**Data excerpt**
++++

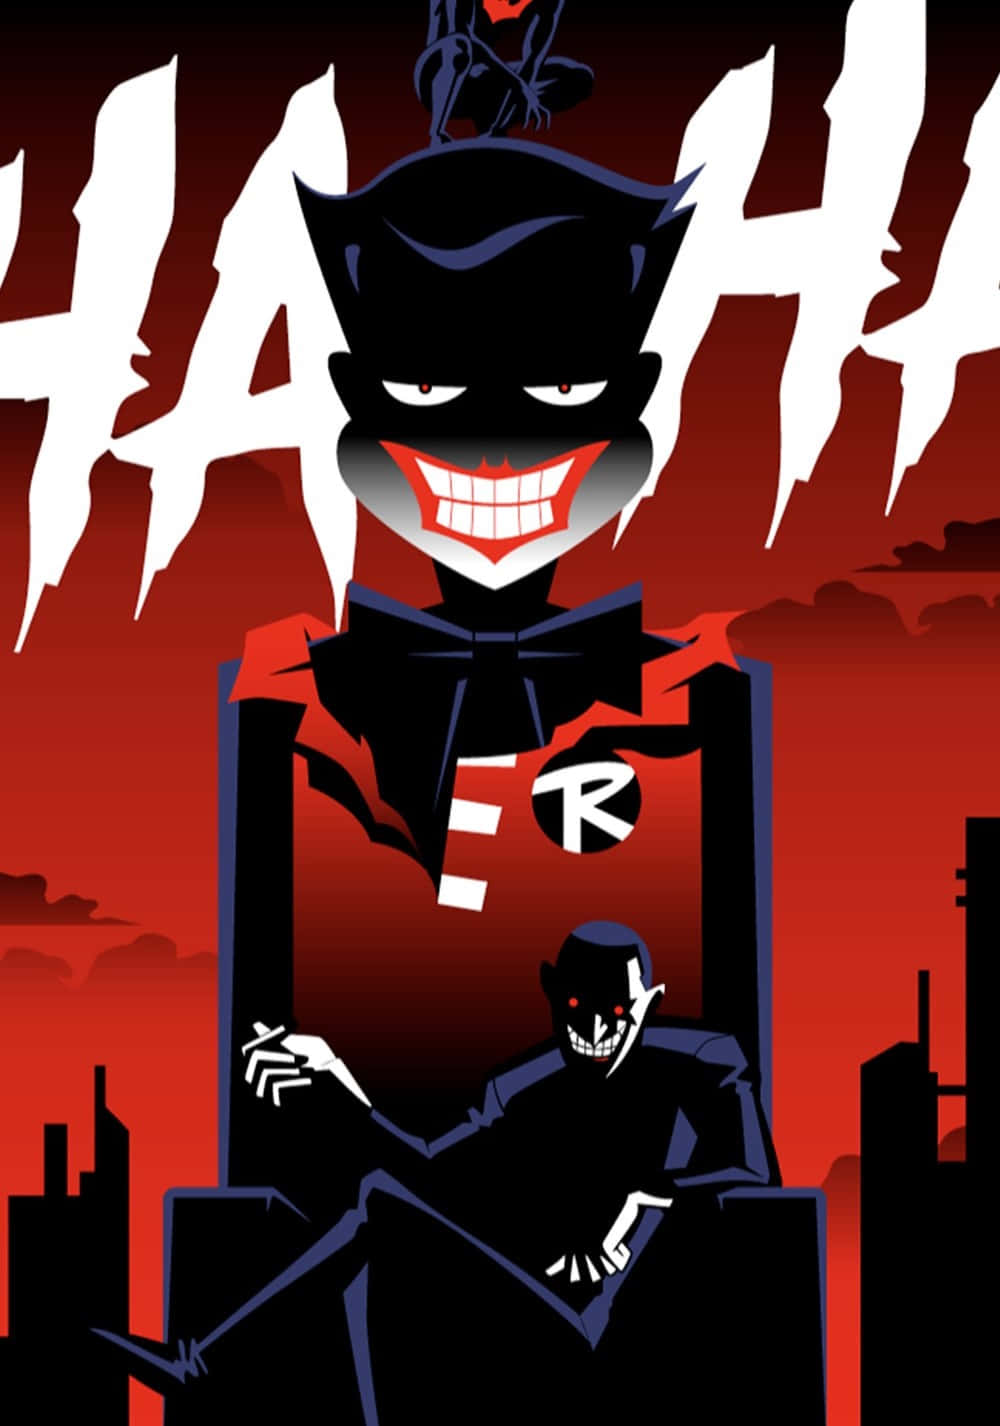 Batman Beyond faces off with The Joker in "Batman Beyond: Return of the Joker" Wallpaper
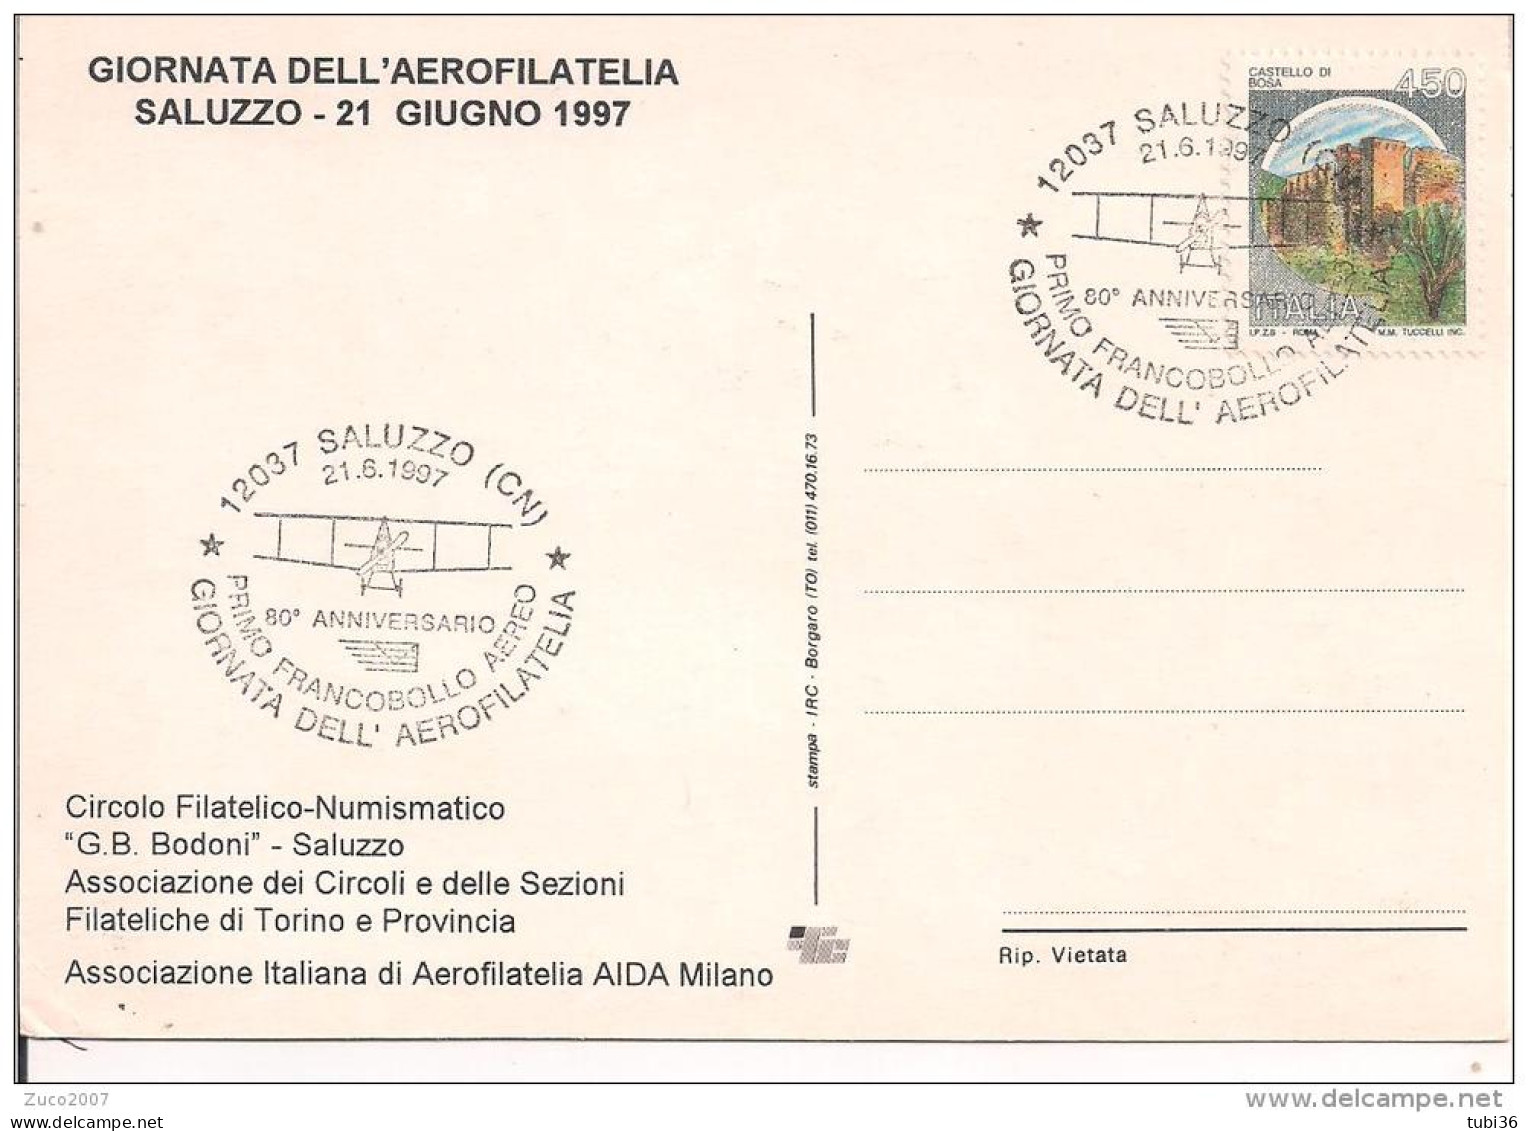 SALUZZO, GIORNATA DELL'AEROFILATELIA 1997, ANNULLO SPECIALE FIGURATO SU CARTOLINA DEDICATA, - Poste
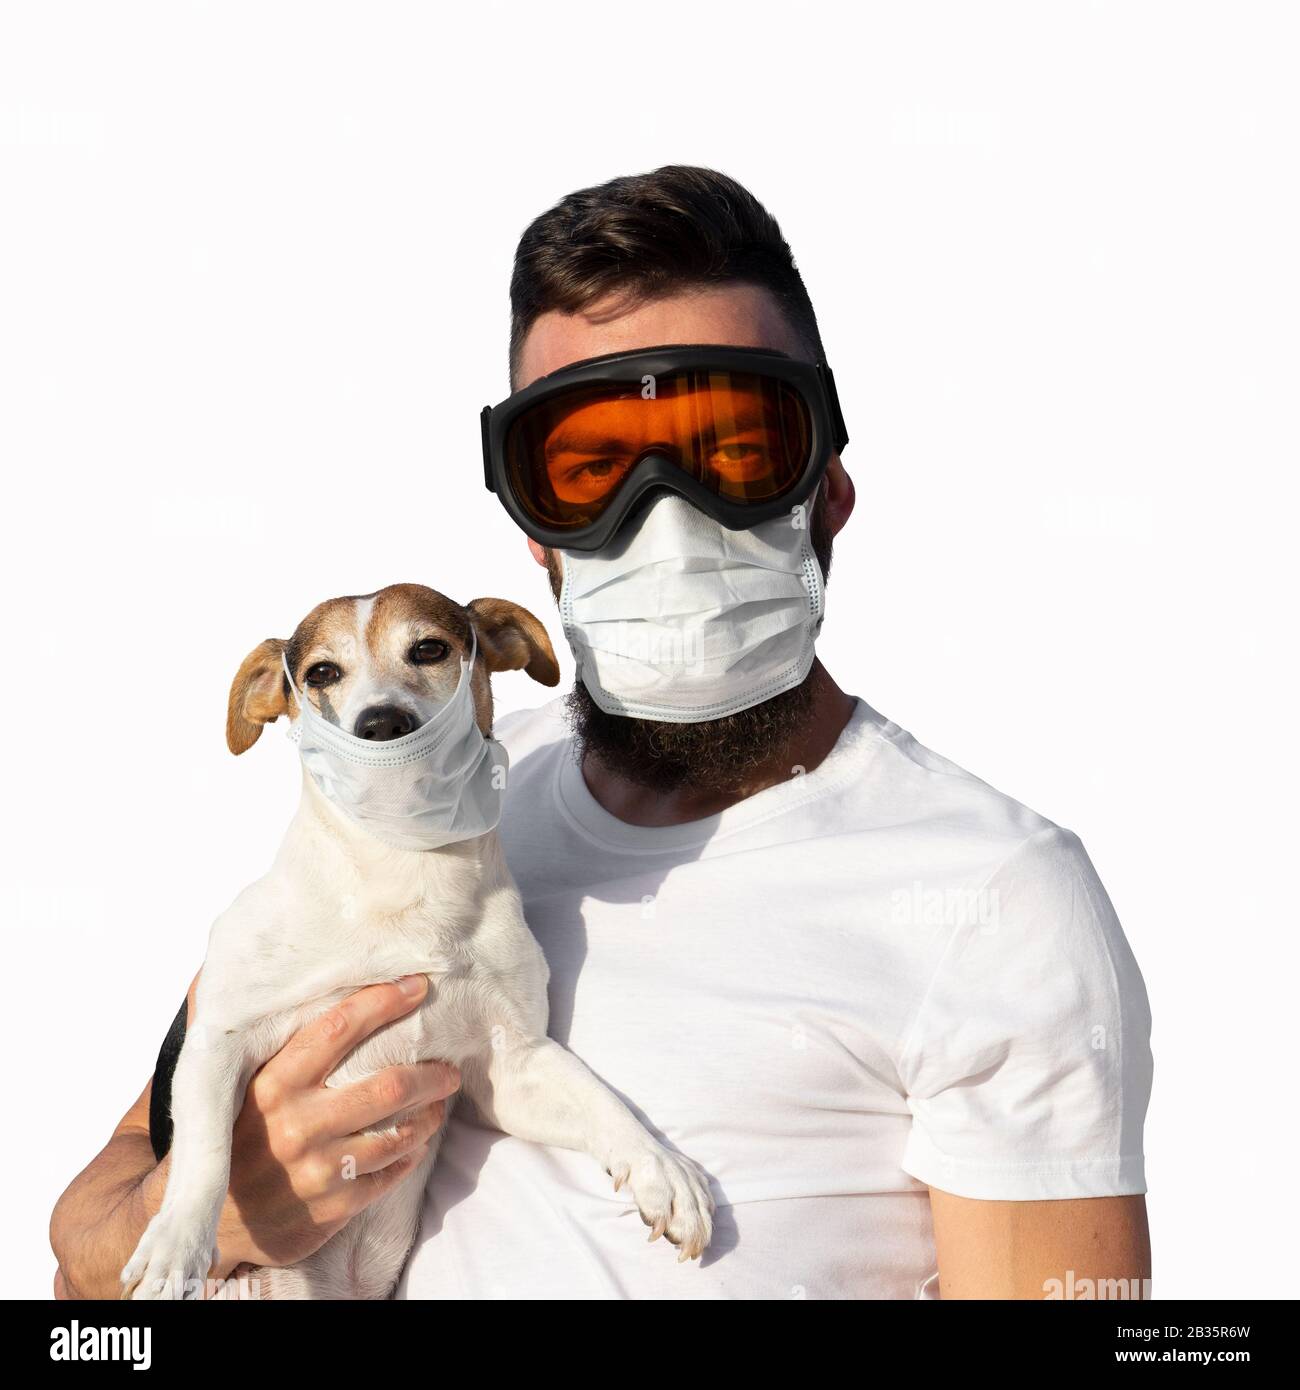 Mann in Schutzmaske und Brille hält süßen Jack russell Hund in  medizinischer Maske. Konzept der Haustierallergie oder Prävention von  Viruserkrankungen und Coronavirus-Pandemie, Blick auf die Kamera, isoliert  auf Weiß Stockfotografie - Alamy

++++

**Task prompt**
Write out again exactly the lines from the start of the data above through the line containing "SALUZZO, GIORNATA DELL'AEROFILATELIA", inclusive, excluding any pictures.

**Finished task**
 Batman Beyond faces off with The Joker in "Batman Beyond: Return of the Joker" Wallpaper
 SALUZZO, GIORNATA DELL'AEROFILATELIA 1997, ANNULLO SPECIALE FIGURATO SU CARTOLINA DEDICATA, - Poste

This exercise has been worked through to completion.